• _Task instructions_:
Scan the entries below for the word "Chair" and copy every line where it turns up.
═══ Given data
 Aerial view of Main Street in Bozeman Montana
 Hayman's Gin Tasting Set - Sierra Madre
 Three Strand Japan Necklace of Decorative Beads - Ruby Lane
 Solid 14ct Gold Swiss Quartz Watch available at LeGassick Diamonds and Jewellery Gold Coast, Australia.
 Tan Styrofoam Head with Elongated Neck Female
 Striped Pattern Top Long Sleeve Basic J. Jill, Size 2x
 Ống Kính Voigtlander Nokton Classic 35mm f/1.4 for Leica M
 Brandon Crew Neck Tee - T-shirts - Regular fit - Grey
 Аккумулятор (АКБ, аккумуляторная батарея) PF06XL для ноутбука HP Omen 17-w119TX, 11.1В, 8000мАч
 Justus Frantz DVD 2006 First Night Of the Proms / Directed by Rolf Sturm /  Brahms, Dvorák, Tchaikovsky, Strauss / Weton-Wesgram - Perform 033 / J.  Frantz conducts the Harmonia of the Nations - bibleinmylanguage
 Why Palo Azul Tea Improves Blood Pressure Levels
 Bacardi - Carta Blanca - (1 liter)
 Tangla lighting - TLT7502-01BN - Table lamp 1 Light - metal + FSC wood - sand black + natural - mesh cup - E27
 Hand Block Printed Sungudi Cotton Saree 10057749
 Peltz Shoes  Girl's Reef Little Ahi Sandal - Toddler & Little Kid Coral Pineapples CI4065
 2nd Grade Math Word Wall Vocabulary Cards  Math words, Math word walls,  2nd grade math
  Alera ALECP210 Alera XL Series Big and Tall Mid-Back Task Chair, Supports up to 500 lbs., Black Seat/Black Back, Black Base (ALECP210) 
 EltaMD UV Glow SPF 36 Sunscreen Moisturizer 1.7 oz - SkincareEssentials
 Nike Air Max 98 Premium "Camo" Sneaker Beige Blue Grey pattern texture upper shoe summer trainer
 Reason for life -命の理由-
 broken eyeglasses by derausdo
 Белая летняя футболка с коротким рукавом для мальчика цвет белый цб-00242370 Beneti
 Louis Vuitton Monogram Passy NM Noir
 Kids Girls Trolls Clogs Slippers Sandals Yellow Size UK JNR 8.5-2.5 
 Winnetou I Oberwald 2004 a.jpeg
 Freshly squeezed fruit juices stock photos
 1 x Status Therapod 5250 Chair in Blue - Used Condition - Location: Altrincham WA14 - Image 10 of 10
══════
• _Solution for this task_:
  Alera ALECP210 Alera XL Series Big and Tall Mid-Back Task Chair, Supports up to 500 lbs., Black Seat/Black Back, Black Base (ALECP210) 
 1 x Status Therapod 5250 Chair in Blue - Used Condition - Location: Altrincham WA14 - Image 10 of 10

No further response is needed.